Nada e tudo. Vivia-se naquele ano o pós-golpe que derrubou a presidenta Dilma, entronizando o oportunista e golpista Michel Temer no governo, que já exercitava suas garras com a nefasta reforma (anti)trabalhista. Assim como no filme a personagem de Sonia Braga protesta e resiste contra o assédio capitalista imobiliário sobre ela. As ruas da capital paranaense eram palmilhadas por milhares de manifestantes em passeatas contestando o retrocesso real em curso sob o governo de Temer. E também no 69o. Festival de Cannes, onde o filme do diretor Kleber Mendonça Filho foi exibido, ele e boa parte do elenco de “Aquarius” levantaram cartazes de protesto contra o golpe do impeachment de Dilma – “O mundo não pode aceitar a ilegalidade desse governo”, “Um golpe aconteceu no Brasil”, “54.501.118 de votos foram queimados!”, “O Brasil não é mais uma democracia” e “Vamos resistir”.  Isso estimulou os brados de protesto em salas de cinema Brasil afora.

Elenco do filme Aquarius no Festival de Cannes com placas em protesto ao golpe contra a presidenta Dilma I Foto: Valery Hache/AFP

Desde então, vinha desejando tratar de “Aquarius”, considerando sua atualidade e sua  simbologia para os/as que não se submetem a ordem vigente. Agora, na distância do tempo, tento modestamente fazê-lo.

Aquarius é o nome do prédio situado diante da linda praia de Boa Viagem, no Recife, que, no trabalho de Kleber Mendonça Filho (mesmo cineasta de Bacurau), tem como protagonista central Clara (Sonia Braga), jornalista aposentada e escritora. Aos 65 anos, viúva, ela resiste em deixar seu apartamento, sendo a última residente de um prédio cobiçado pela especulação imobiliária. Clara viveu grande parte de sua vida nesse local, criou filhos e filhas, fez amizades, e por isso rejeita firmemente as propostas da construtora.

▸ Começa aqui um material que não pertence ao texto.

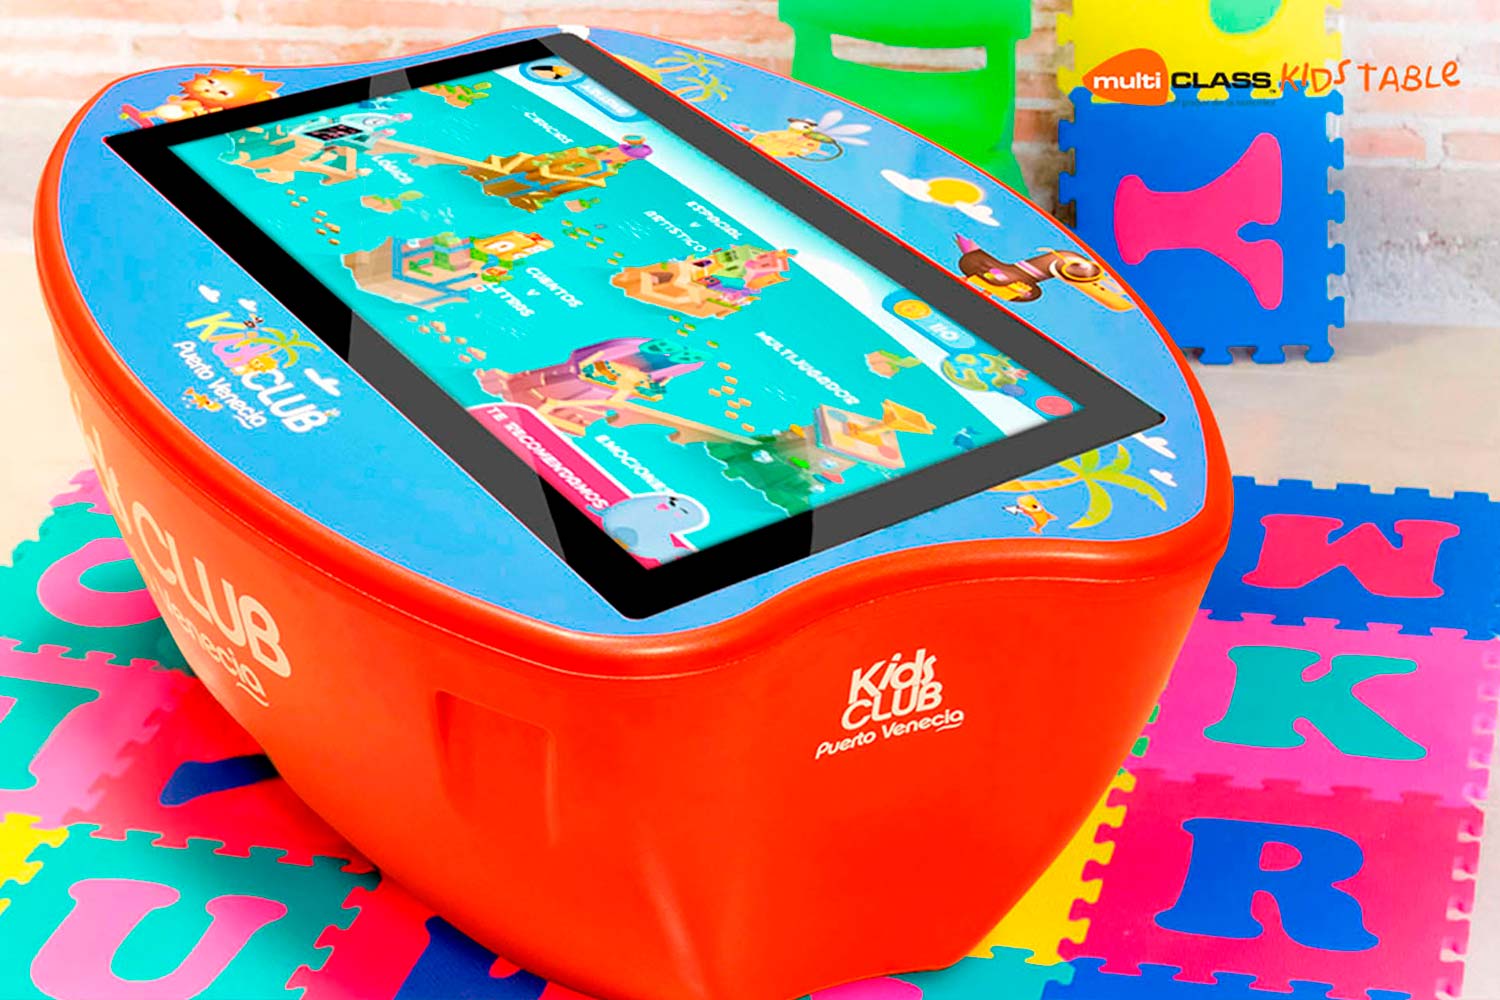 Touchscreen table multiCLASS Kids Table Kids Corners

A nostalgia e as memórias de Clara, simultâneas com a obstinada contraposição às  investidas do grande capital imobiliário, perpassam o filme. Essa nostalgia vem assinalada na trilha sonora por músicas como “Sentimental”, de Altemar Dutra, “Quintal do Vizinho”, de Roberto Carlos, “Hoje”, de Taiguara, e inclusive o rock de sucesso (de 1980) da banda inglesa Queen, “Another one bites the dust”.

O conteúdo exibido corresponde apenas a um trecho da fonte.